Dear Dask developers, I am one of the core developers of a library for representing and manipulating spatial molecular data in Python: GitHub - scverse/spatialdata: An open and universal framework for processing spatial omics data which depends on Dask. I would like to discuss the best practices to safely overwrite lazy-loaded data using Dask. In particular I would like to know if a recommended workflow and/or implementation already exists, and if not, I would kindly ask for feedback on our planned implementation.
Our problem
In the library we use Dask to lazily read Zarr and Parquet datasets, and we respectively represent them in-memory using Dask-based Xarray objects and Dask dataframes. We want to provide the user of a function write()

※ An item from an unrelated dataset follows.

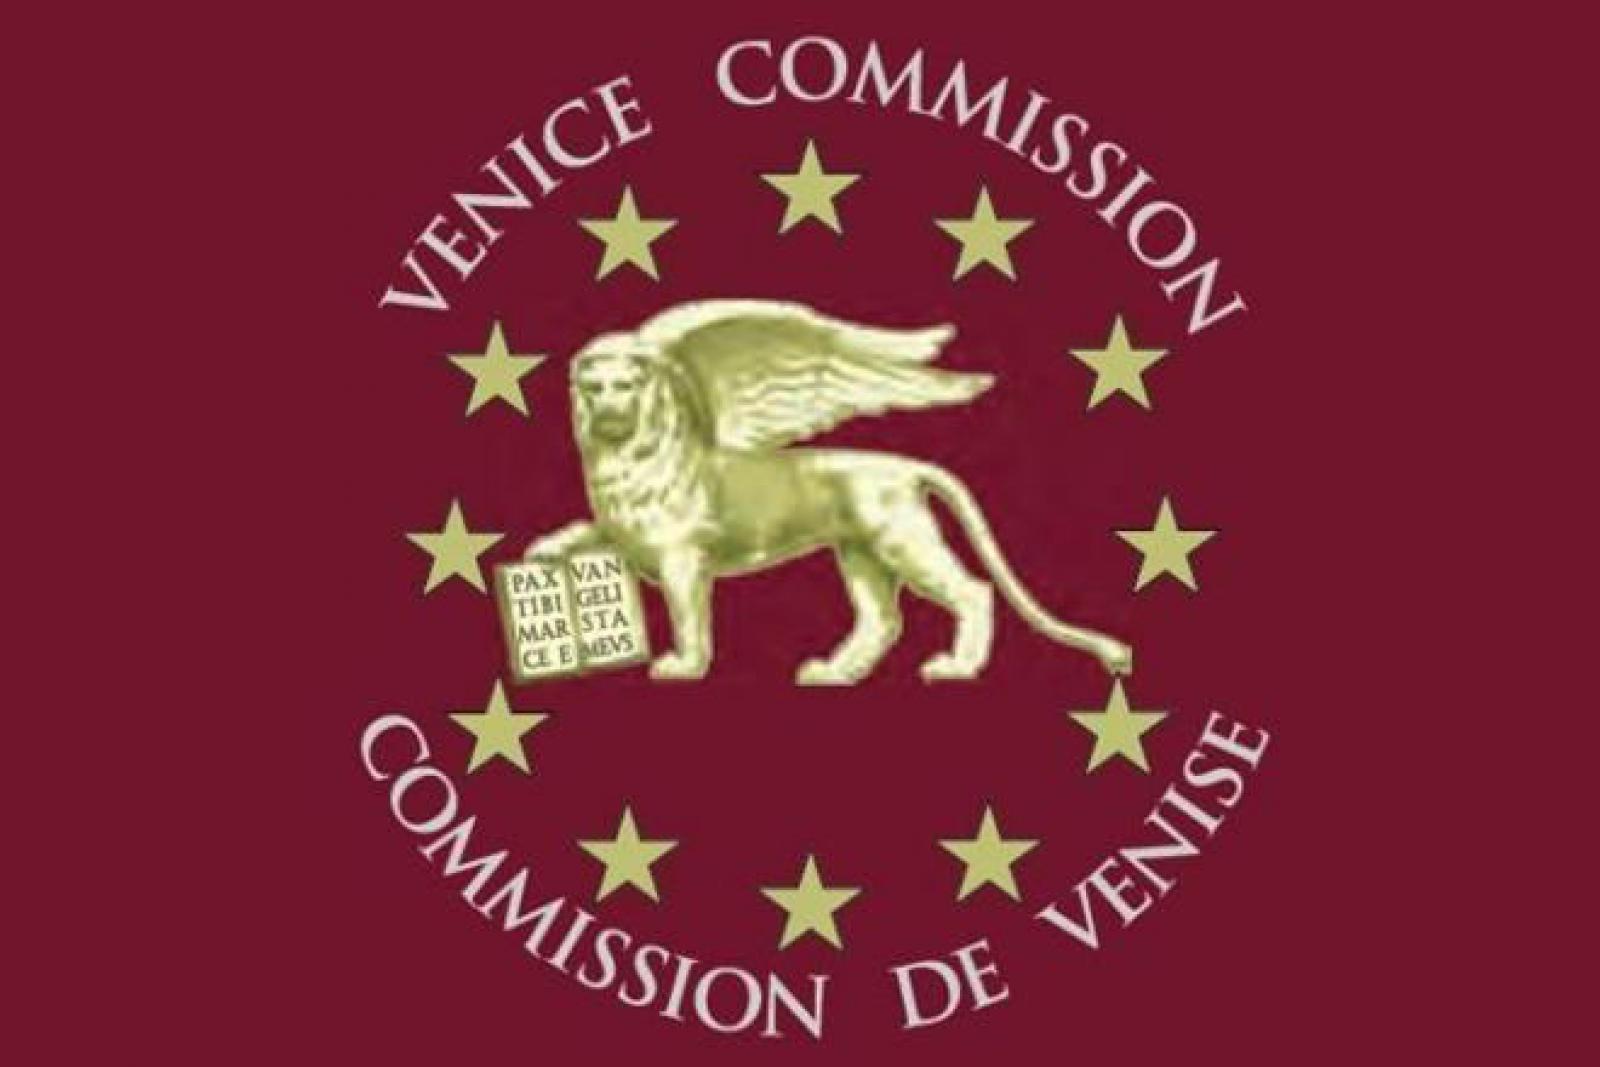 venice_commission

with a parameter overwrite=True
that allows the user to eventually replace the disk storage of any object that appears in the computational graph used to lazy-compute the object that needs to be written (I will show an example of this below).

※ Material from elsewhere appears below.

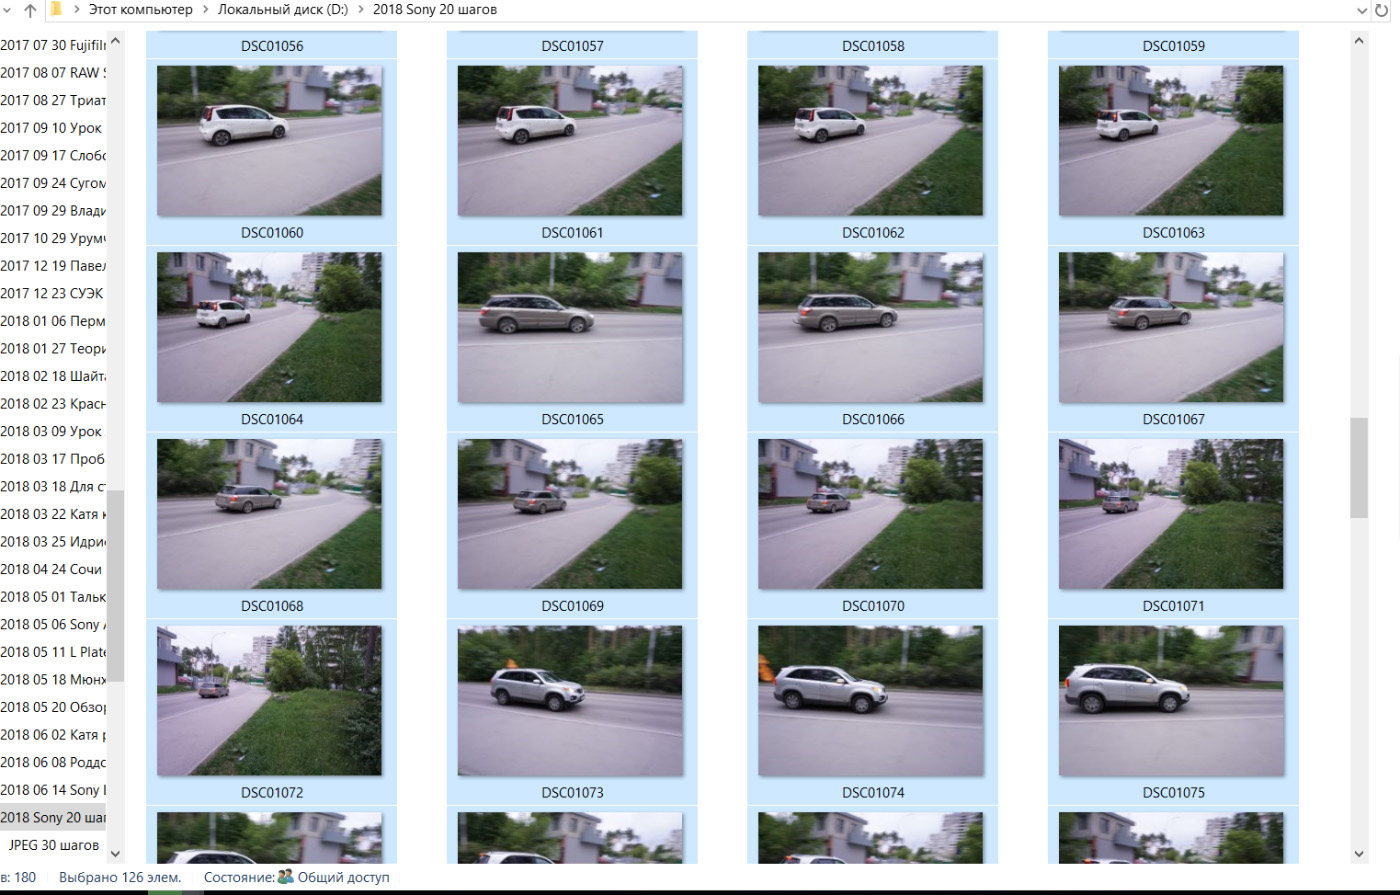 Фото 35. Для того, чтобы получить качественный кадр при съемке с проводкой, придется сделать много попыток.

Our requirement is that the function needs to be safe against any kind of data loss by taking into account for the fact that the write()

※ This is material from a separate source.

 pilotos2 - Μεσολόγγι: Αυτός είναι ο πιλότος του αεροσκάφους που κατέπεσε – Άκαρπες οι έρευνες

call may get interrupted (example: running out of disk space or killing the process that is writing).
Looking at the documentation it seems that this functionality is not currently provided (to_parquet()
has a parameter overwrite=True
, but the docs say “NOTE: overwrite=True will remove the original data even if the current write operation fails. Use at your own risk.”).
Is there a recommended workflow/implementation that you suggest to perform this operation safely?
If not, below is our proposed design to achieve a safe implementation, under reasonable assumptions.
Our design proposal
Assume that we want to write an object x
to disk. x
depends on y
and z
(say x = f(y, z)
), and both y
and z
are lazy-loaded. We want to write x
to replace y
.
Further requirements.
a) Our process plans to use an intermediate directory that is local and known to the user, let’s call this directory intermediate_storage
. The user is aware of this directory and should never write to this. Still, if something goes wrong the user knows that the data can be found there.
b) The process described is designed for single-threaded operations and not for multiple threads.
This is how the write operation would be implemented.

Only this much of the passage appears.